RAW DATA section start
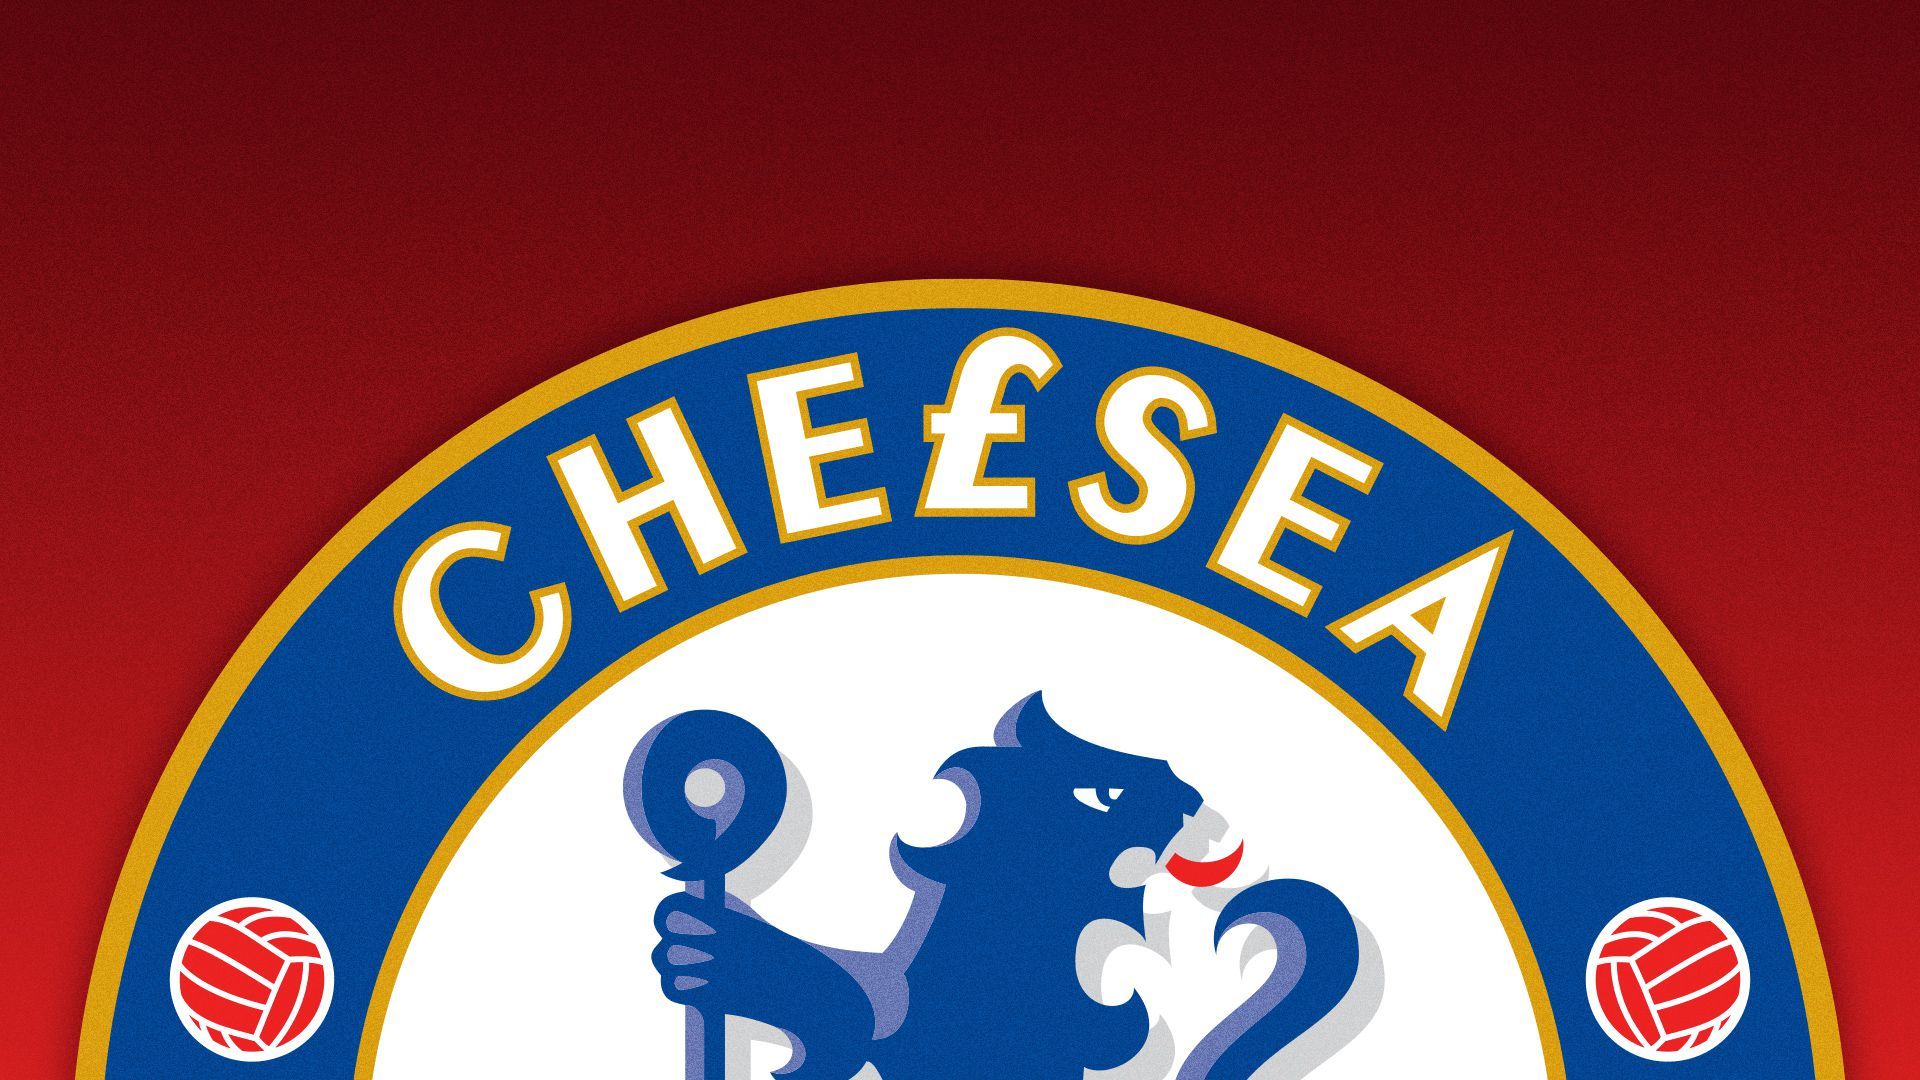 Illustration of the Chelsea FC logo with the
RAW DATA section end
RAW DATA section start
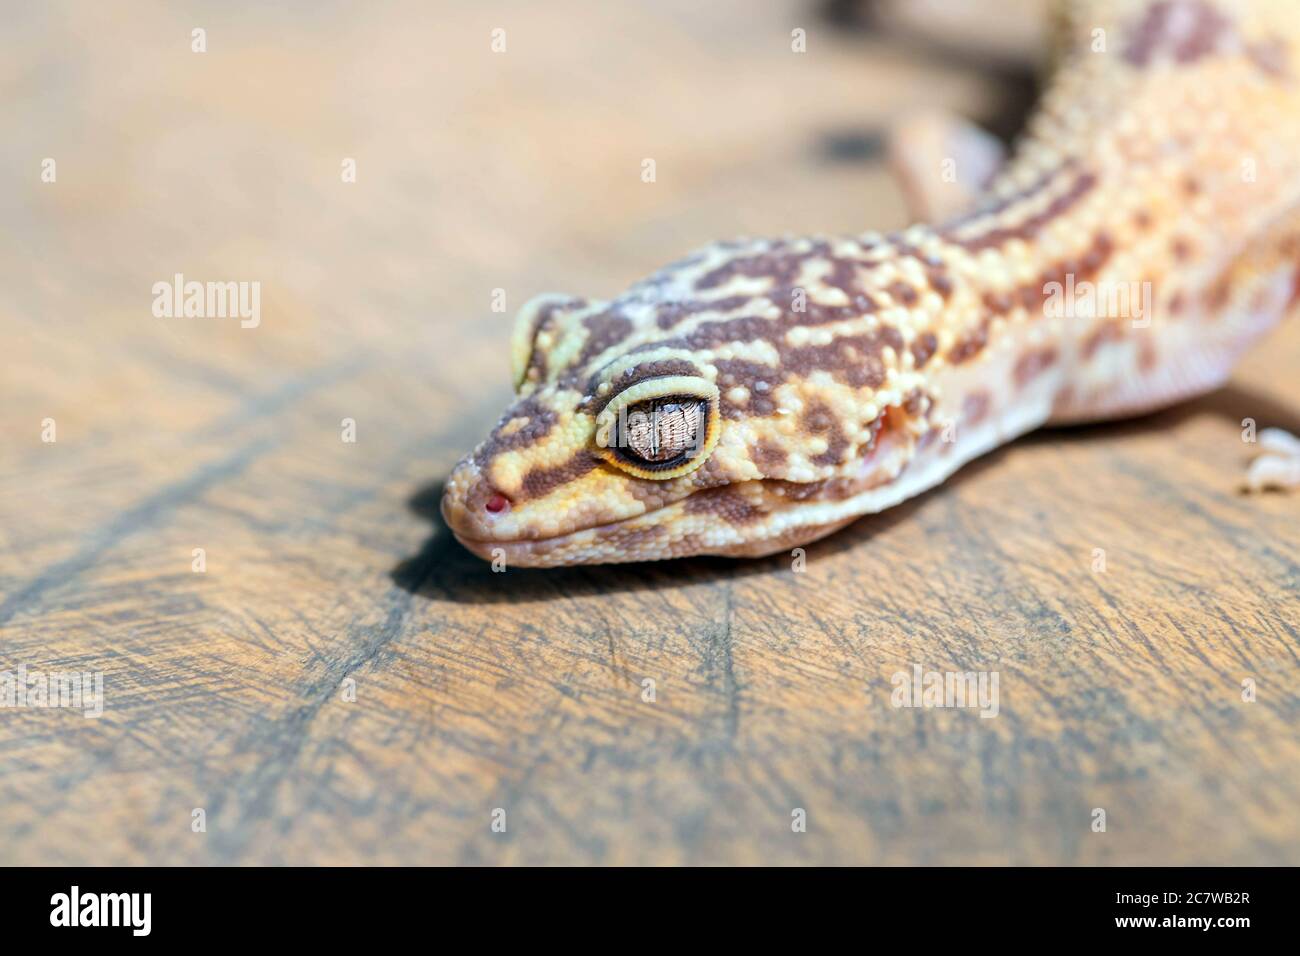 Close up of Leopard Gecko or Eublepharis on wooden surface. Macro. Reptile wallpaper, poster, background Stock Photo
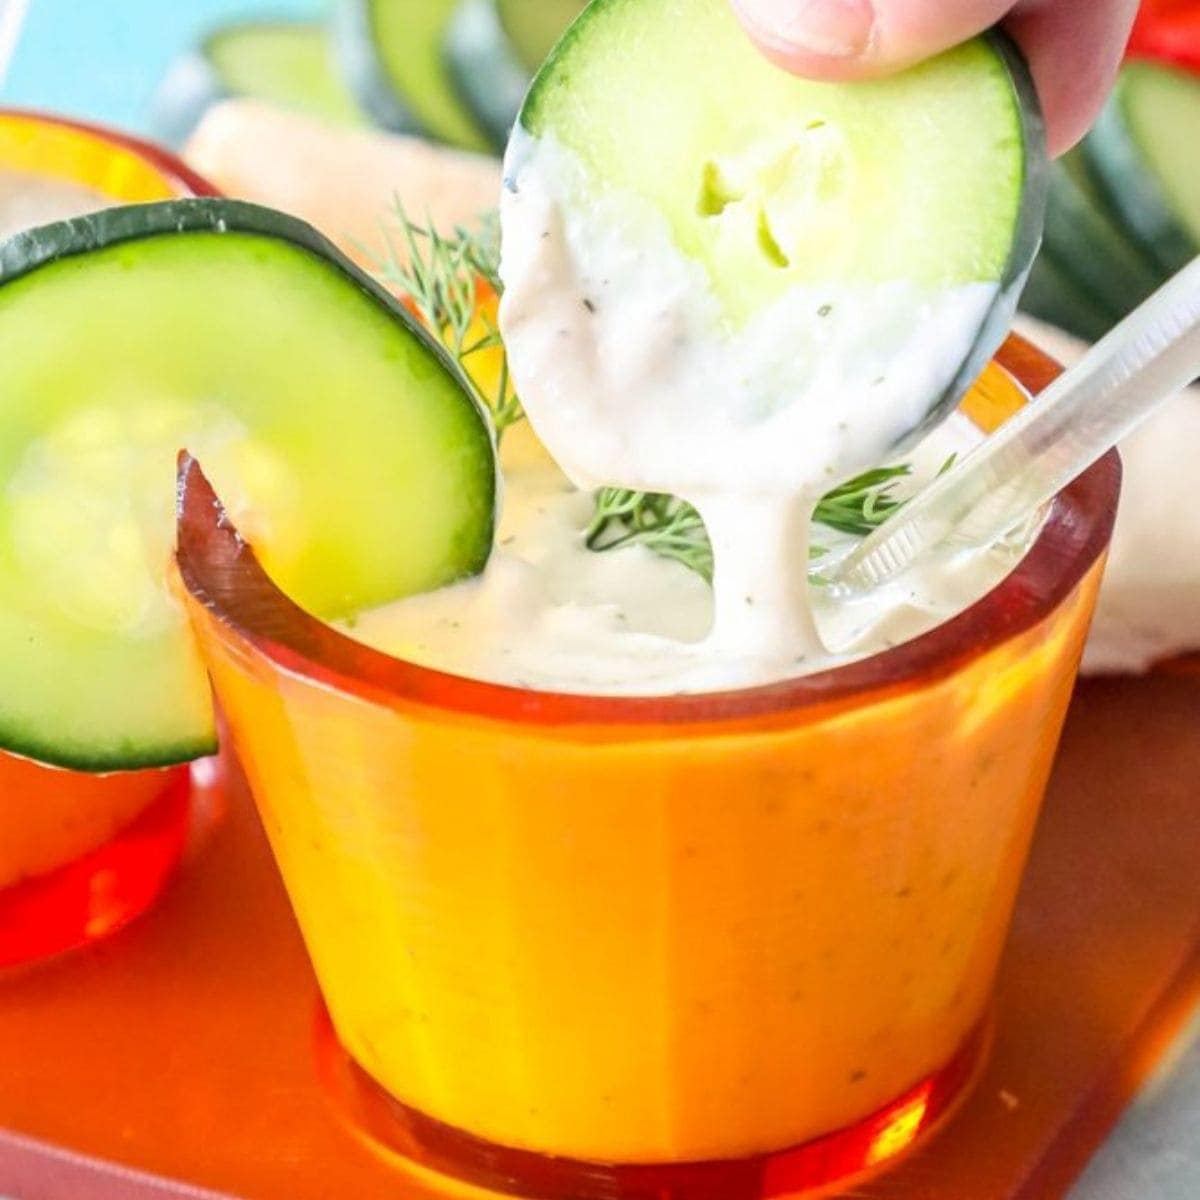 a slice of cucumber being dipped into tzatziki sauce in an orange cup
RAW DATA section end
=== WHAT THIS TASK INVOLVES ===
Copy word for word the lines of the records above from the one with "Close up of" up to and including the one with "a slice of cucumber". Skip the pictures.

=== RESPONSE TO THIS EXERCISE ===
 Close up of Leopard Gecko or Eublepharis on wooden surface. Macro. Reptile wallpaper, poster, background Stock Photo
 a slice of cucumber being dipped into tzatziki sauce in an orange cup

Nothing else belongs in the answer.